Тогда один из визирей высказал предположение:
– Он ведь молод. Ему хочется все знать, все видеть. Быть может, он сейчас осматривает комнаты во дворце? Надо пойти туда посмотреть.
Визири проверили тридцать девять комнат. Все они были закрыты. Подошли к сороковой, смотрят – двери раскрыты настежь. Они заглянули в комнату и увидели Баходура. Молодой царь лежал на полу без чувств. Визири на руках перенесли его в опочивальню, долго возились с ним, брызгали в лицо водой и духами, еле отходили его.
Баходур очнулся, открыл глаза, заговорил, но так и не сказал, что с ним случилось в сороковой комнате. На самом деле, открыв циновку, он увидел под ней портрет царевны Мислабу и, пораженный ее красотой, лишился чувств.

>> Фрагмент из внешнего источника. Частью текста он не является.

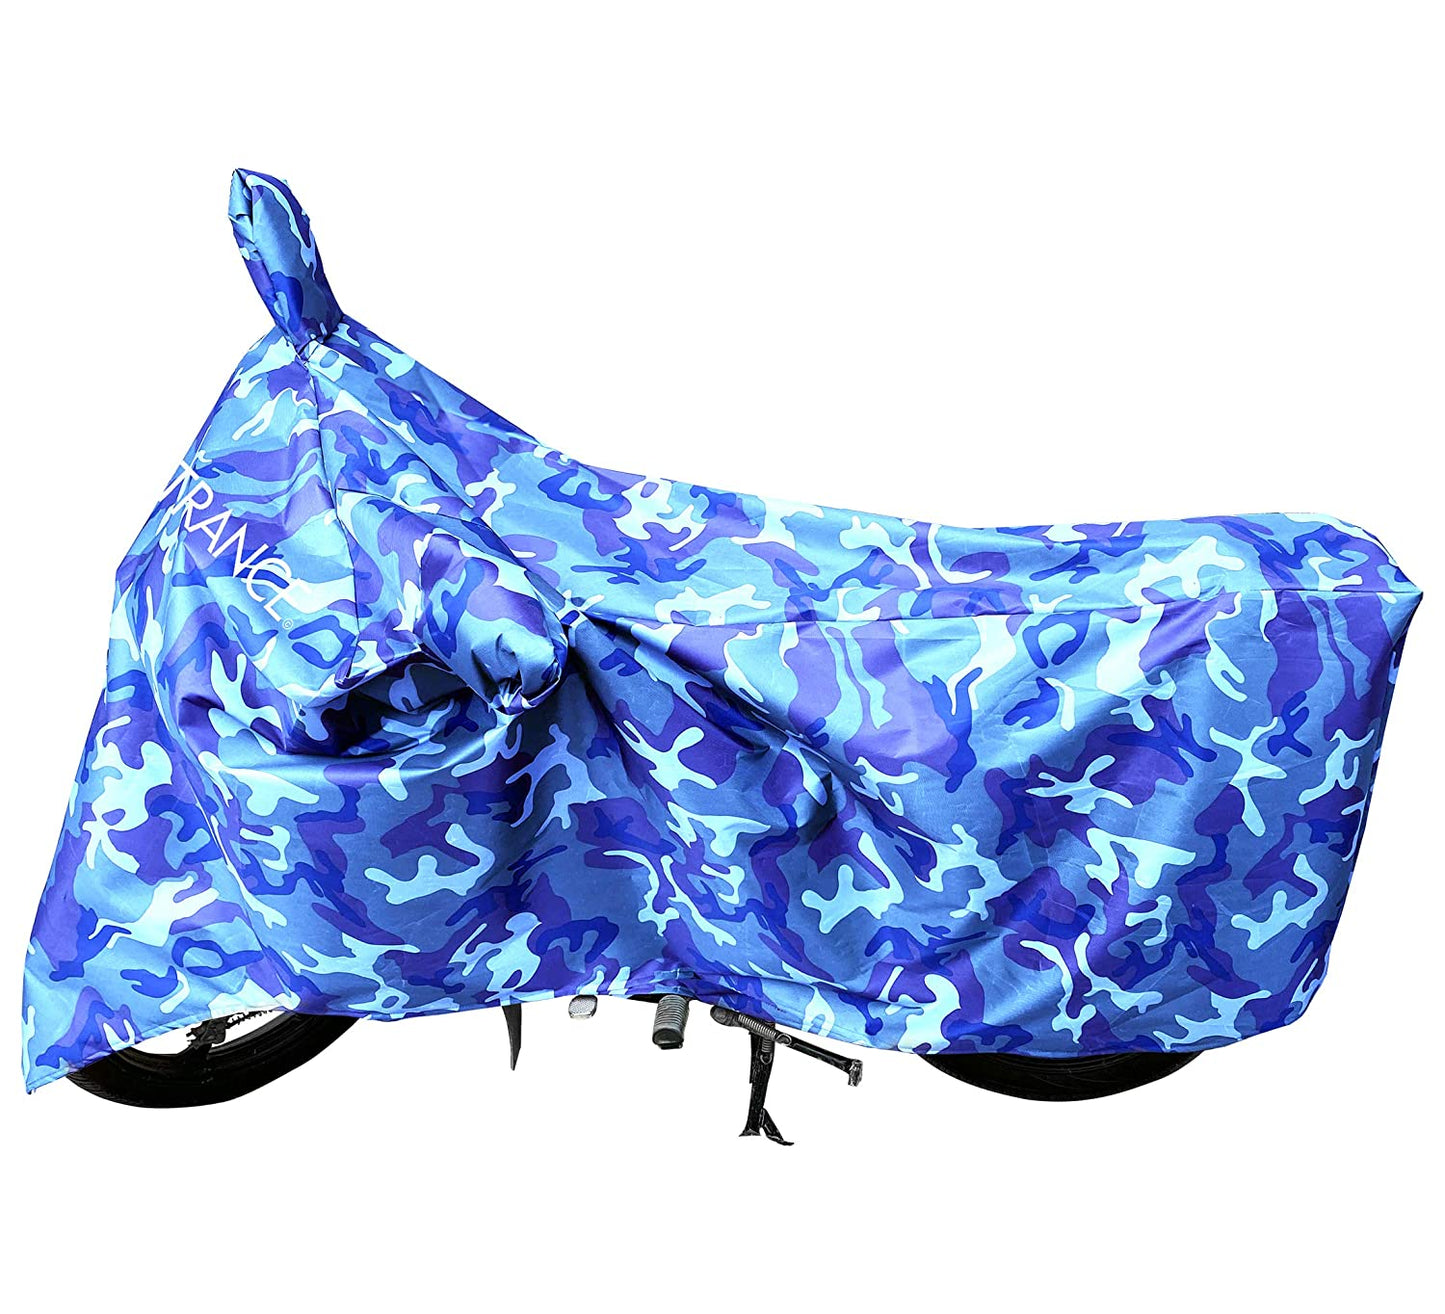 MotoTrance Jungle Bike Body Covers For Aprilia SR 125 - Interlock-Stitched Waterproof and Heat Resistant with Mirror Pockets

С этих пор мысли о прекрасной царевне не выходили у Баходура из головы. Он влюбился в Мислабу и теперь день и ночь только и думал о ней. Он томился, день ото дня все больше худел, лицо его осунулось, пожелтело, здоровье ухудшалось. Визири с беспокойством спрашивали его о здоровье, почему он плохо ест, что у него болит, но он не отвечал, скрывая тайну своей любви, молча переживая душевные муки.
Между тем его отец продолжал свое путешествие. В первые годы он ехал благополучно, не зная ни горя, ни нужды. Постепенно дорожные запасы иссякли, золото и драгоценные вещи были прожиты, и он, очутившись в безлюдной степи и, потеряв сопровождавшую его свиту, терпел лишения и переживал муки голода. В степи редко удавалось поймать дичь, чаще всего царю приходилось питаться корнями трав.